To the extent permitted by the Sarbanes-Oxley Act of 2002, some directors, executive officers and their families may, from time to time, borrow money from Merrill Lynch in the form of mortgage loans, revolving lines of credit and other extensions of credit. These transactions are entered into in the ordinary course of business on substantially the same terms, including interest rates and collateral provisions, as those prevailing at the time for comparable transactions with our other similarly situated customers. For certain types of products and services offered by our subsidiaries, our directors and officers may receive certain discounts.

Each of State Street Bank and Trust Company, FMR Corp., and Barclays Global Investors, NA and certain of its affiliates is the beneficial owner of more than 5% of the outstanding shares of our common stock. We and certain of our subsidiaries have engaged in transactions in the ordinary course of business with State Street, FMR Corp., and Barclays Global Investors, NA and with certain of their respective affiliates. These transactions were on substantially the same terms as comparable transactions with other clients.

From time to time, we may perform investment banking, financial advisory and other services in the ordinary course of our business for certain corporations with which some of our directors are affiliated.
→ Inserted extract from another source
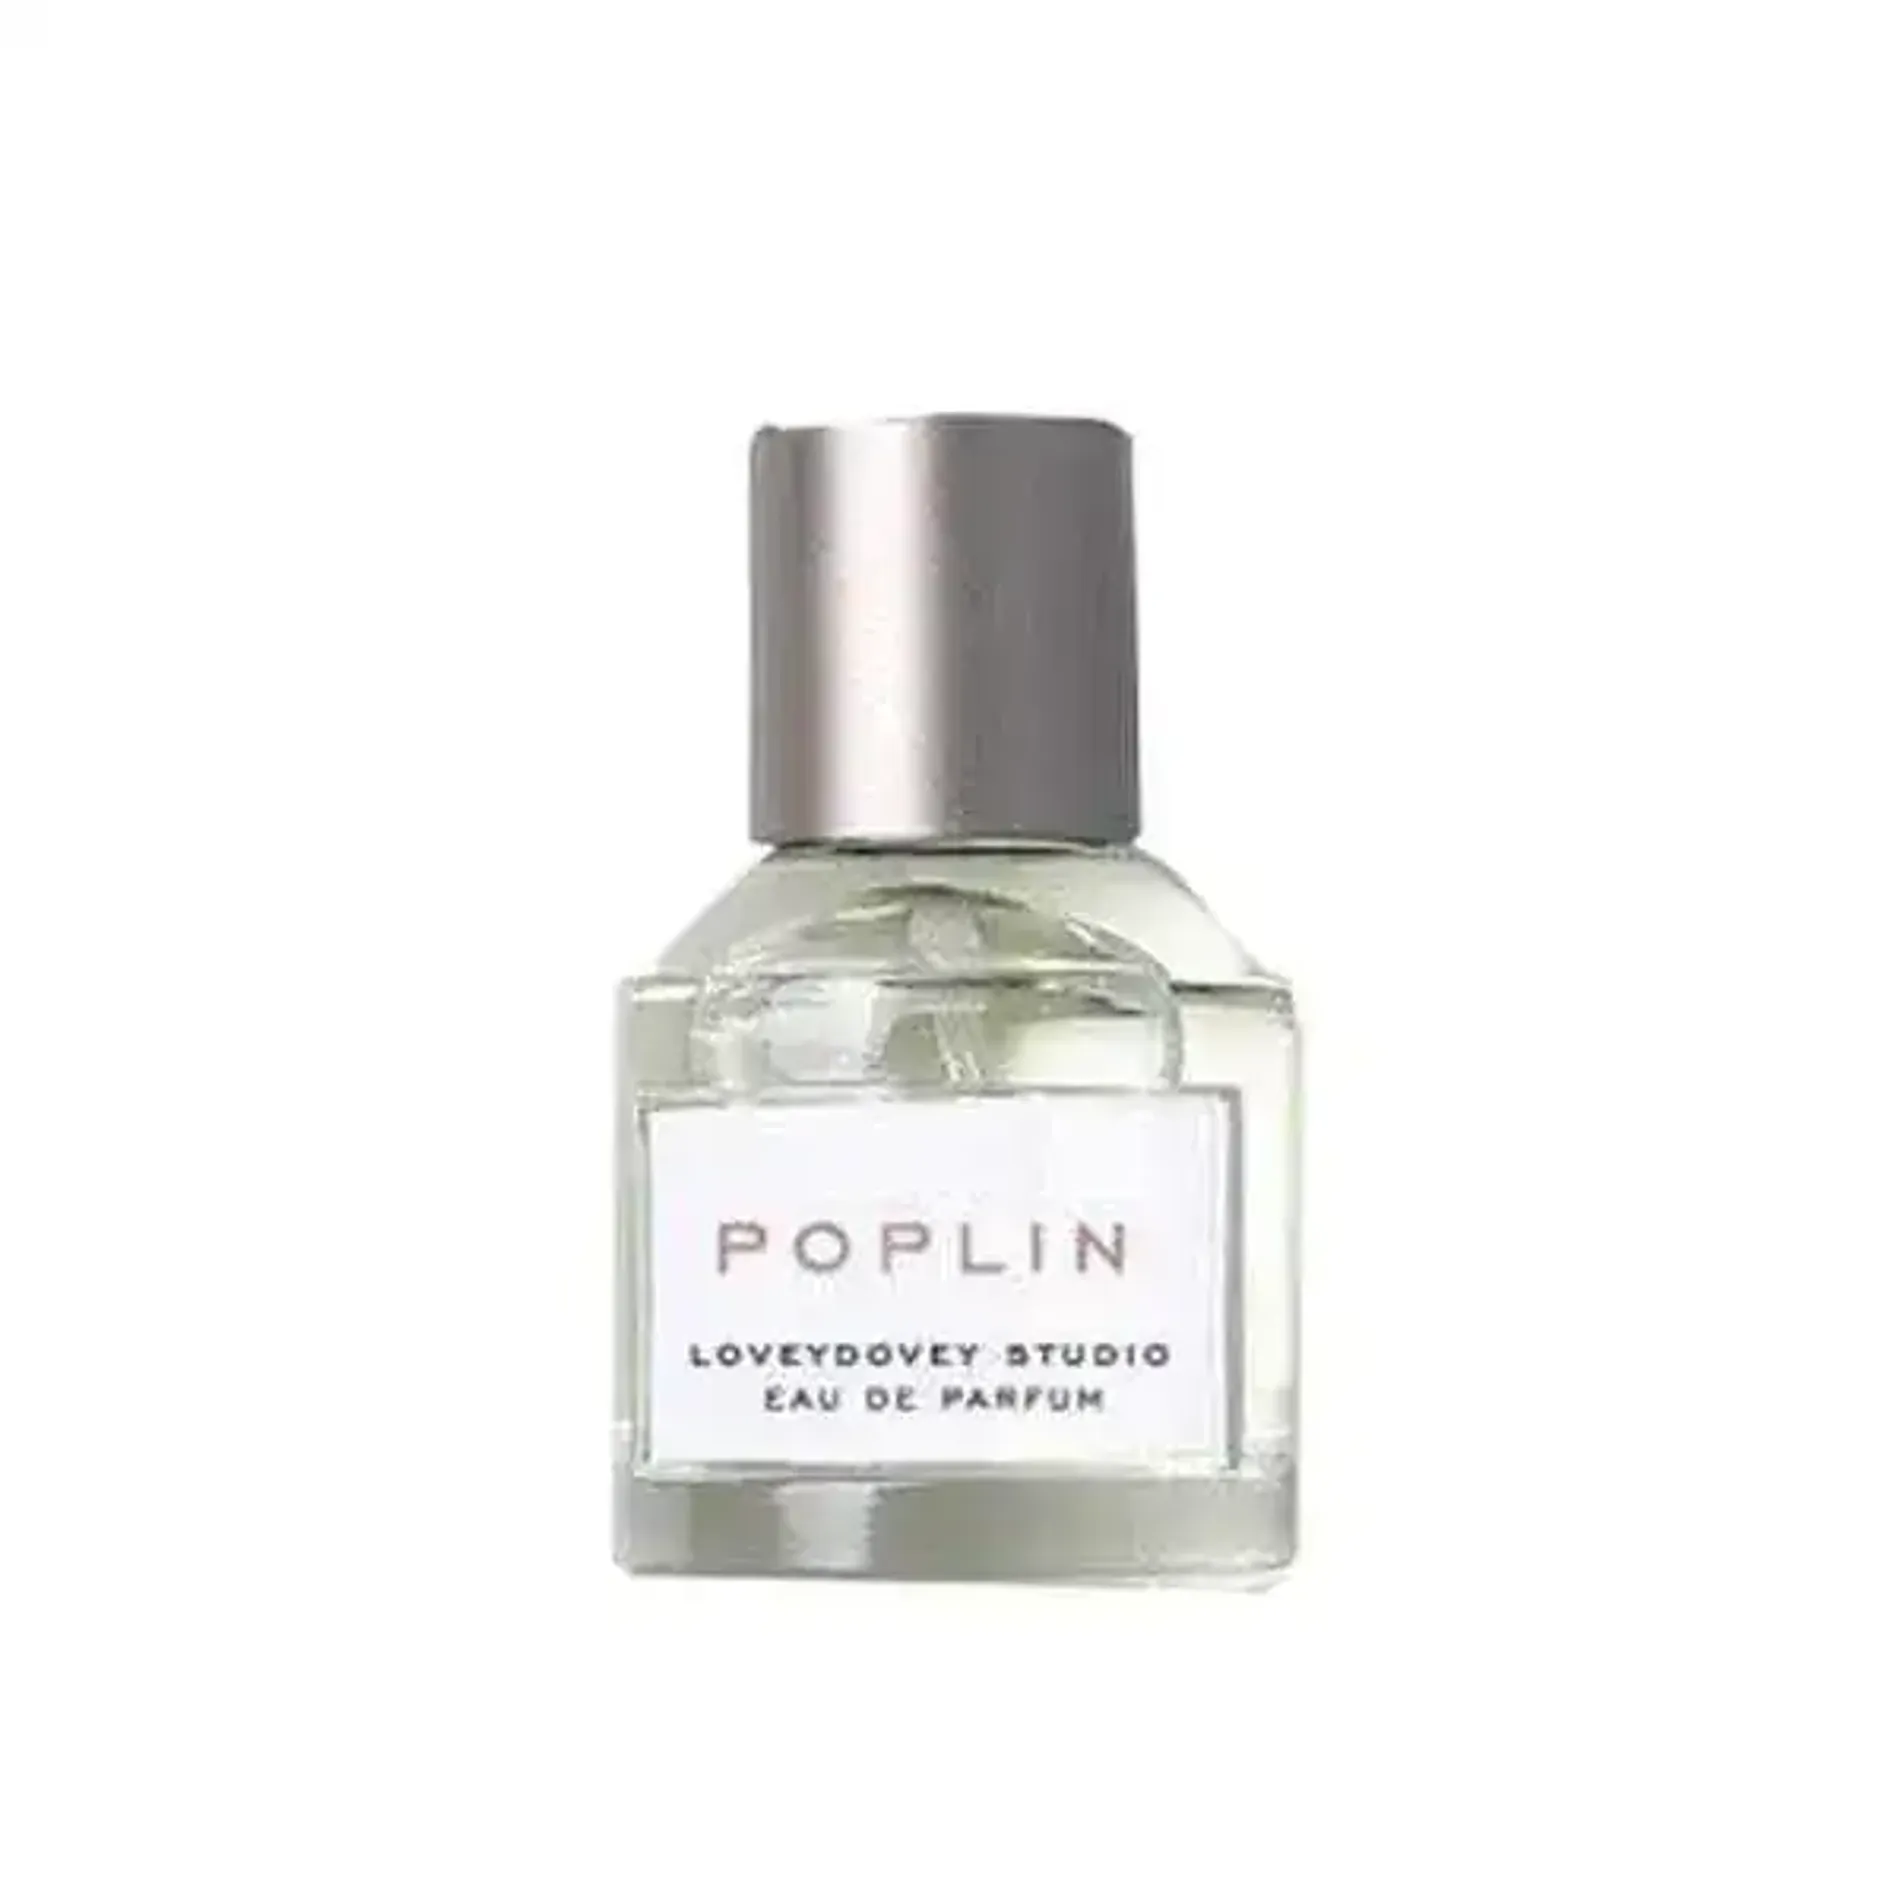 nuoc-hoa-loveydovey-eau-de-parfum-poplin-30ml-30ml-2
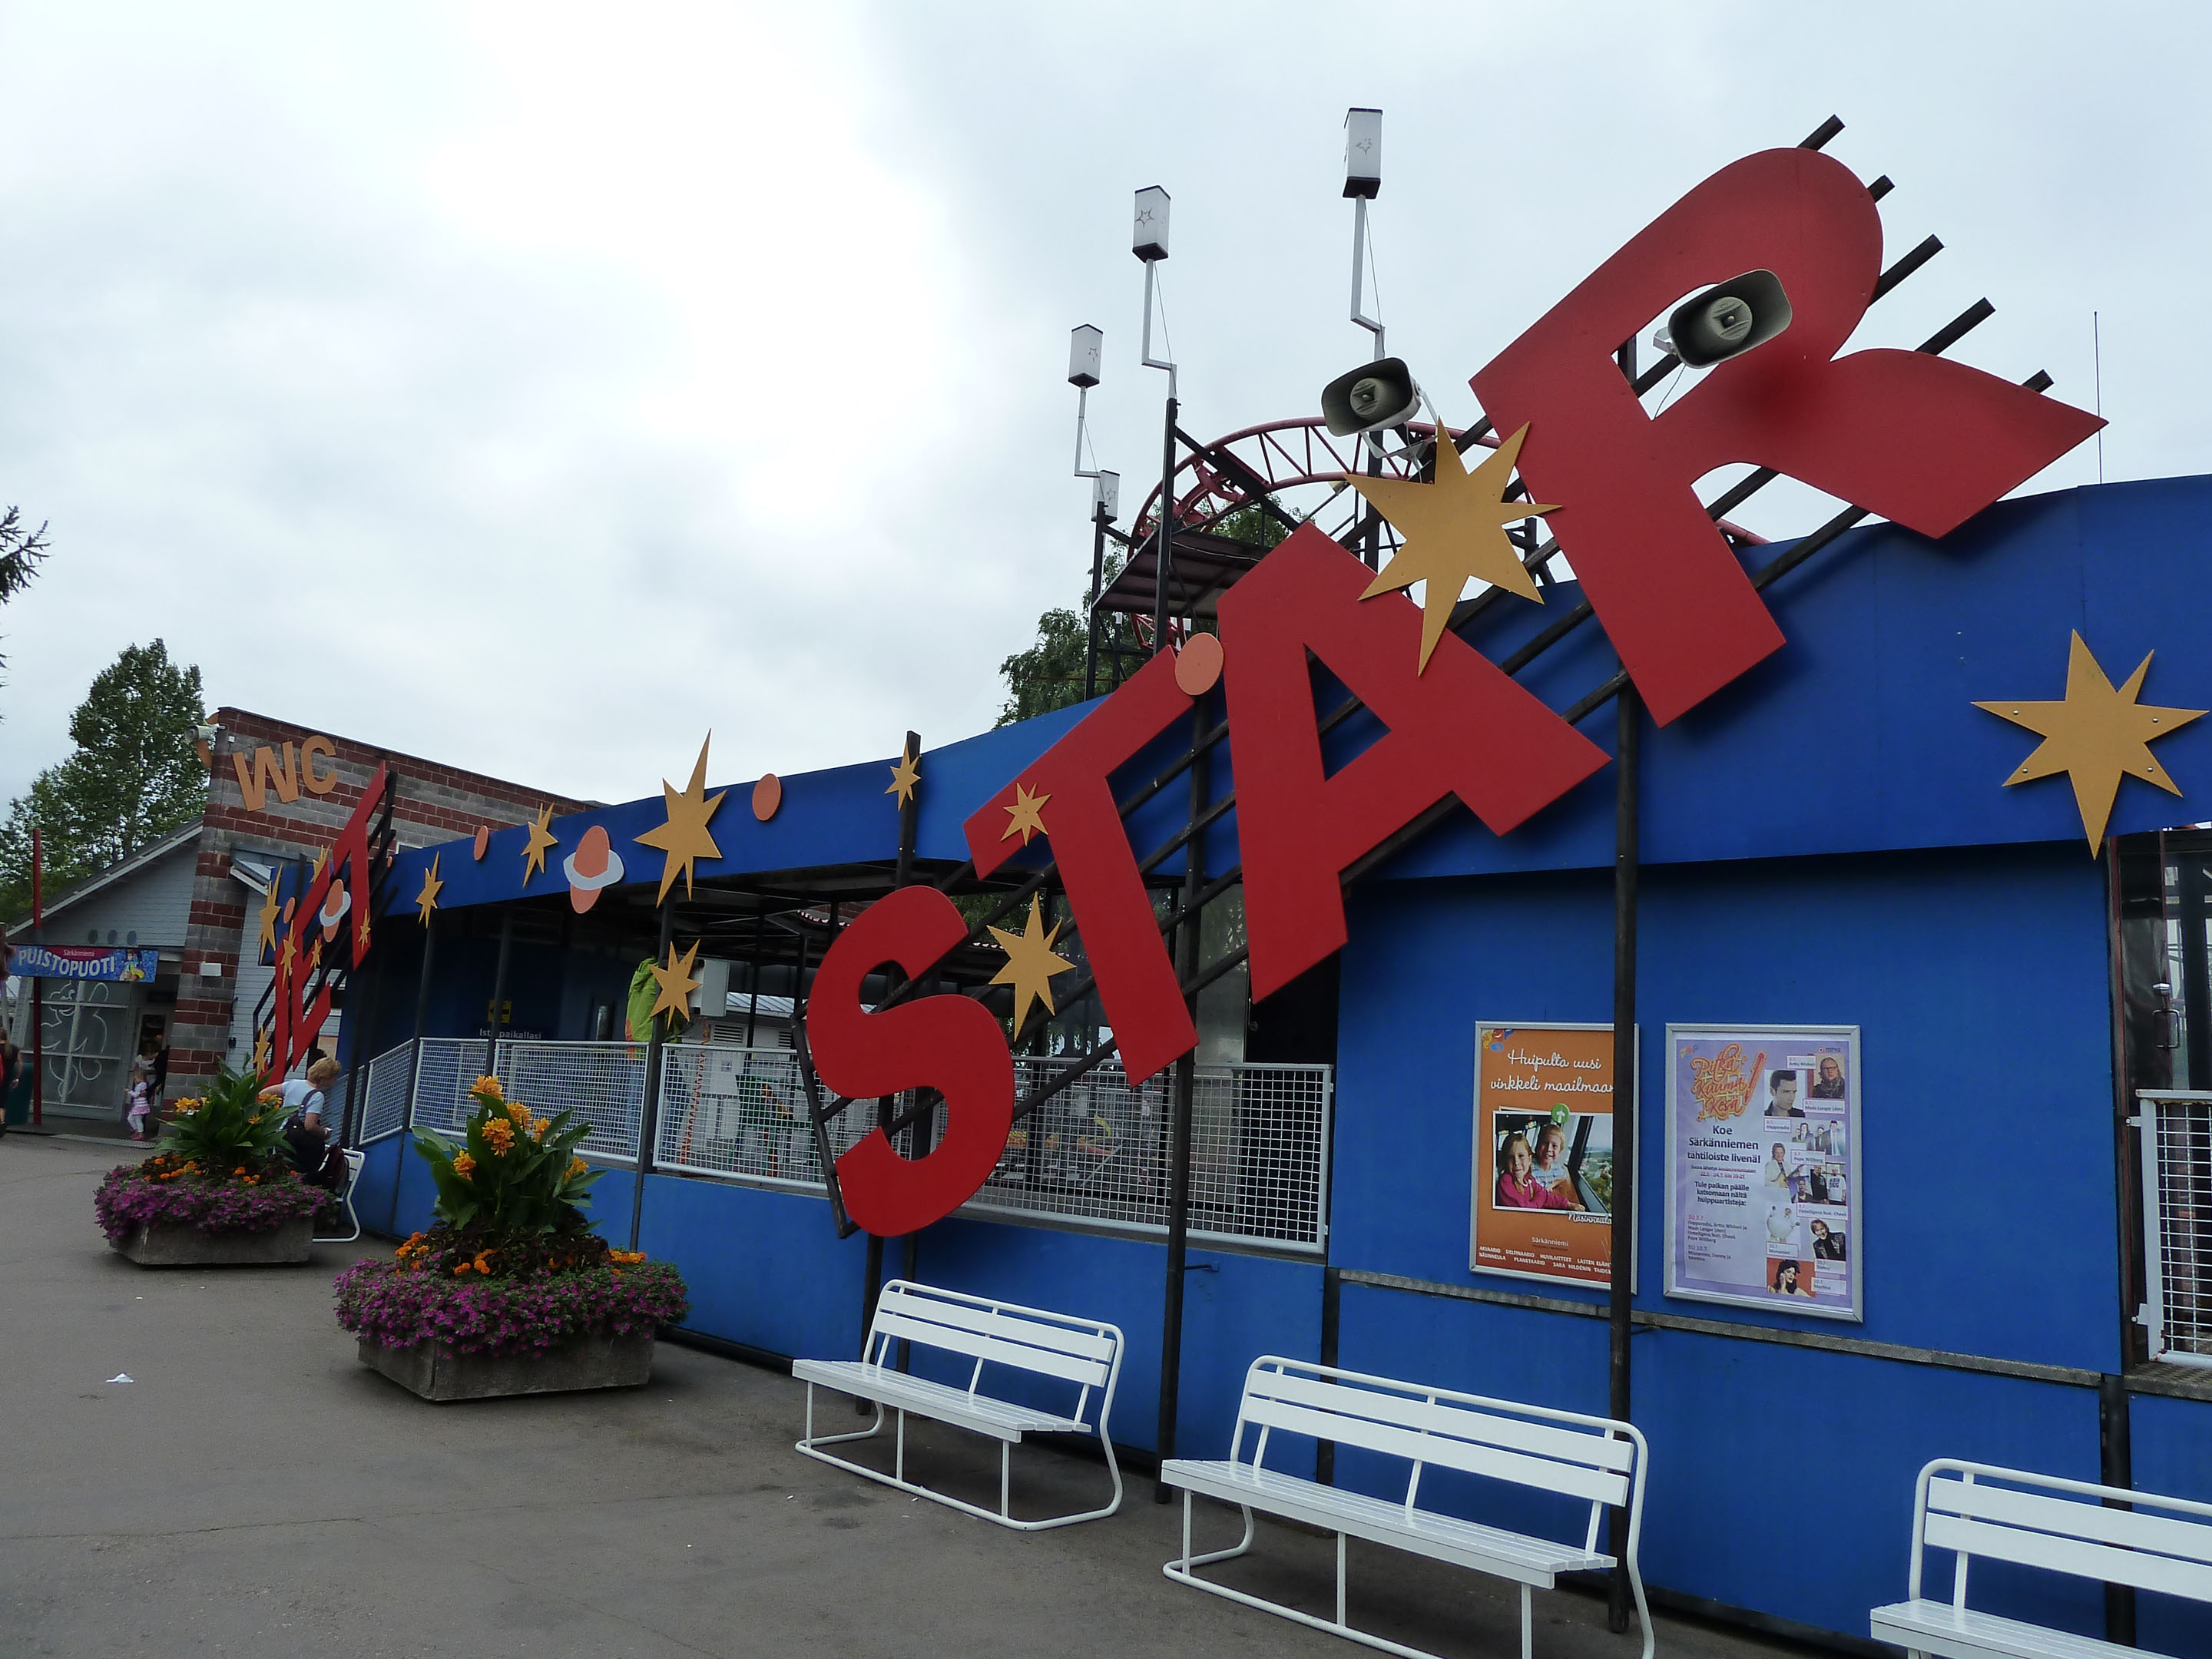 Jet Star - Särkänniemi Amusement Park (Tampere, Pirkanmaa, Finland)

From time to time, in connection with investigations by regulatory and governmental bodies, Merrill Lynch recommends certain counsel with expertise in the area to Merrill Lynch employees. An employee requiring these services selects counsel from among the attorneys recommended and the fees are paid by Merrill Lynch. Since 1999, Robert Hausen, Esq., the spouse of Rosemary T. Berkery, has been recommended from time to time to provide such counsel. In 2003, fees payable to Mr. Hausen for such services were approximately $103,000. Ms. Berkery is an Executive Vice President and the General Counsel of Merrill Lynch.

The current directors, other than Mr. Cribiore, are named as defendants in three shareholder derivative actions alleging breaches of fiduciary duty in failing to establish proper research controls and/or in failing to establish procedures sufficient to prevent alleged Enron-related violations of law by Merrill Lynch. One of the actions, involving research-related claims, has been dismissed and is on appeal. The second action, also involving research, is not currently being prosecuted while the appeal of the first dismissal is pending. The third action, involving Enron, is the subject of a pending motion to dismiss. The actions, which were filed in the U.S. District Court for the Southern District of New York and in the Supreme Court of the State of New York, seek damages in an unspecified amount and other relief.